The nonce prevents replay attacks. Each transaction should have a different nonce, and once a transaction with a specific nonce has been executed it should not be possible to execute that transaction again.

Signature Replay in Multisig Transactions

Replay attacks are among the most consistently exploited vulnerability classes in multisig systems. The attack surface splits into two categories: cross-chain replay and same-chain replay.

Cross-Chain Replay

Each EIP-712 signature includes a domain containing: name, version, chainId, verifyingContract, and optionally a salt. Without a chainId binding, a signature valid on Ethereum mainnet can be replayed on any EVM-compatible fork or L2 where the same contract address exists—a real risk for protocols that deploy deterministically via CREATE2.

EIP-712 solved the core problem by introducing typed structured data (human-readable fields), domain separation (preventing cross-application replay), and standardized encoding (ensuring consistent cryptographic properties).

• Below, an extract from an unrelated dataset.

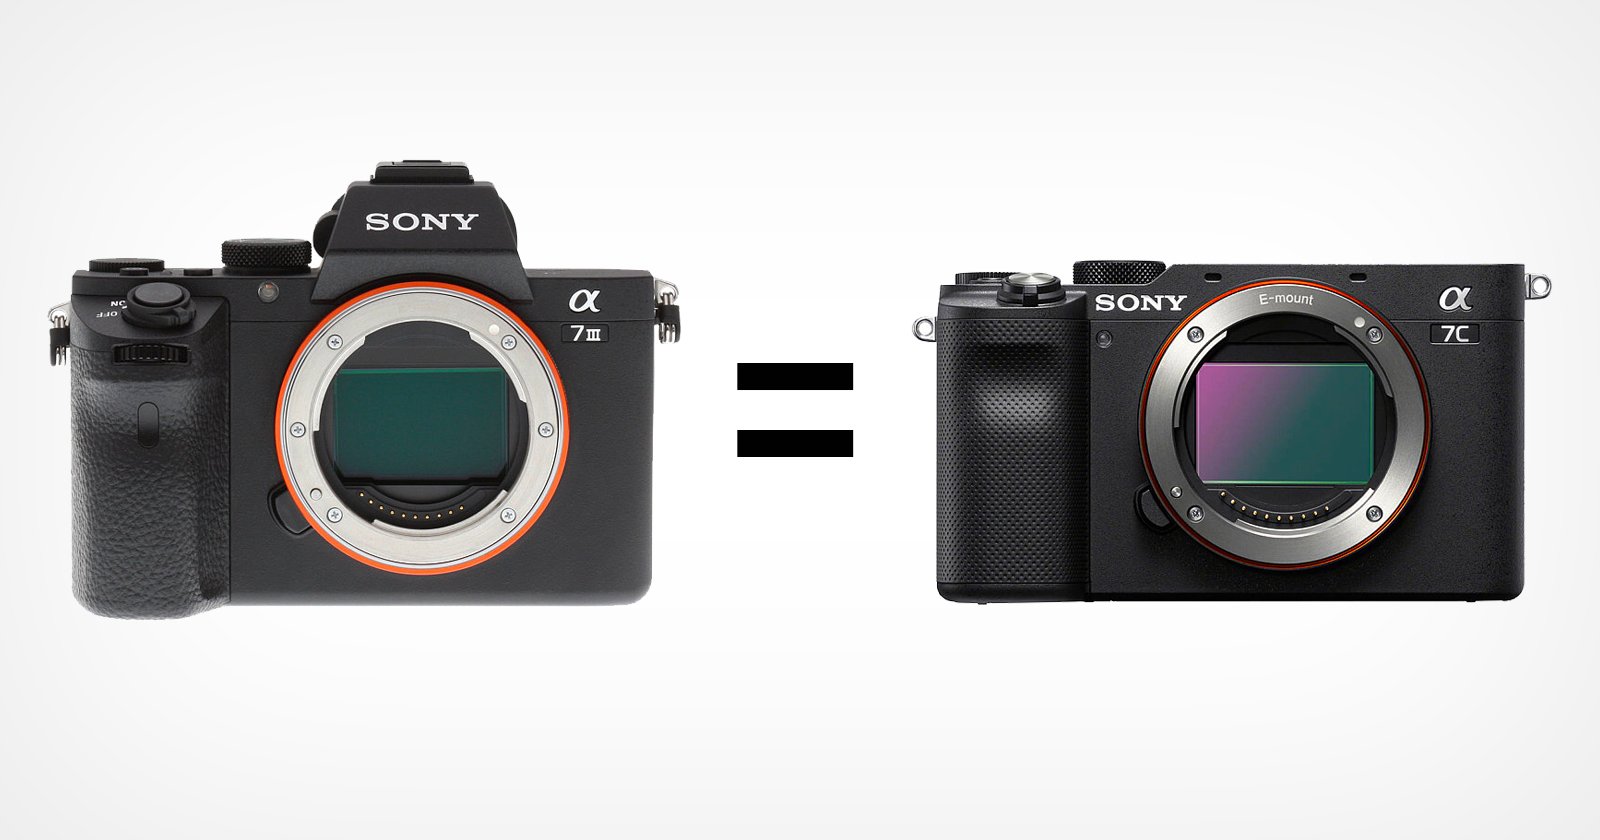 Sony a7C Images Appear More or Less Identical to Those Taken on
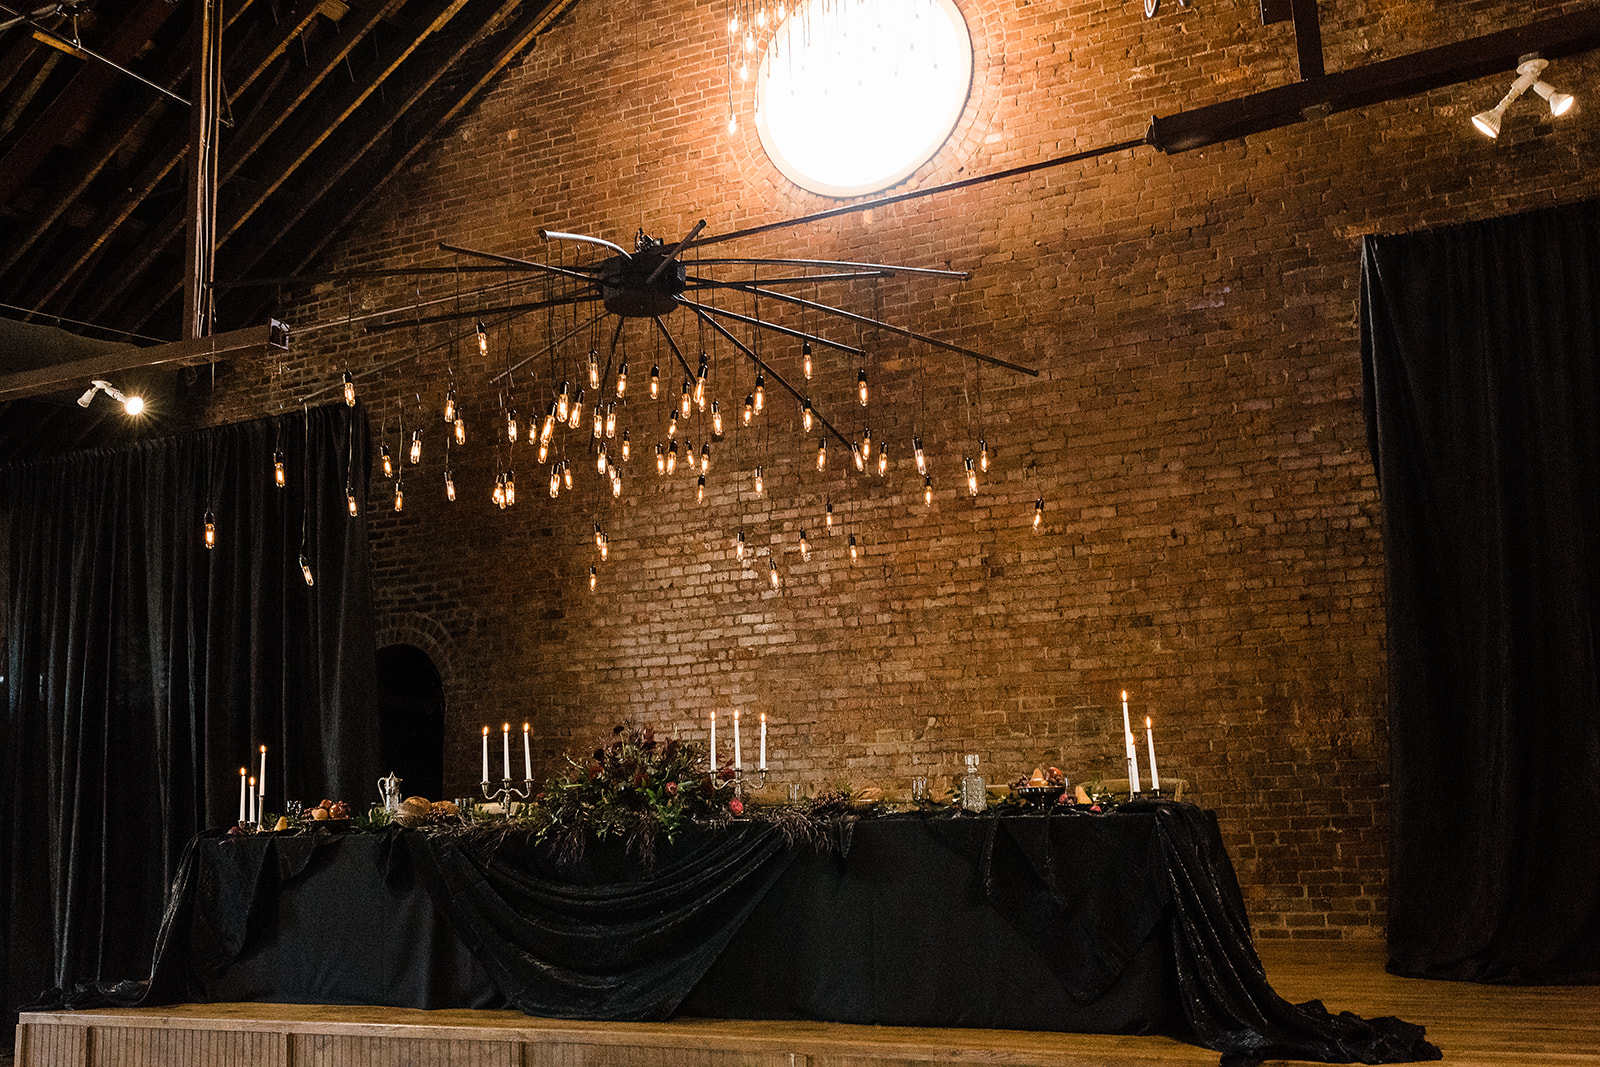 The head table at a wedding decorated in dark, gothic drapery and florals. There is a modern-looking light fixture suspended above the table.

Safe’s domainSeparator is computed as:

// EIP-712 domain separator for Safe
bytes32 public constant DOMAIN_SEPARATOR_TYPEHASH =
    keccak256("EIP712Domain(uint256 chainId,address verifyingContract)");

function domainSeparator() public view returns (bytes32) {
    return keccak256(
        abi.encode(
            DOMAIN_SEPARATOR_TYPEHASH,
            block.chainid,
            address(this)
        )
    );
}

Note that Safe intentionally excludes name and version from the domain separator but binds to chainId and verifyingContract. This means:

Signatures are always Safe-specific (no cross-contract replay).
Signatures cannot be replayed cross-chain.
However, if you sign a transaction with a stale nonce and it has not yet been executed, it remains valid until consumed.

Signature Malleability

The Elliptic Curve Digital Signature Algorithm (ECDSA) employed by Ethereum is vulnerable to signature malleability attacks. An attacker can modify specific parts of a signature without access to the private key, creating a new valid signature corresponding to the original message.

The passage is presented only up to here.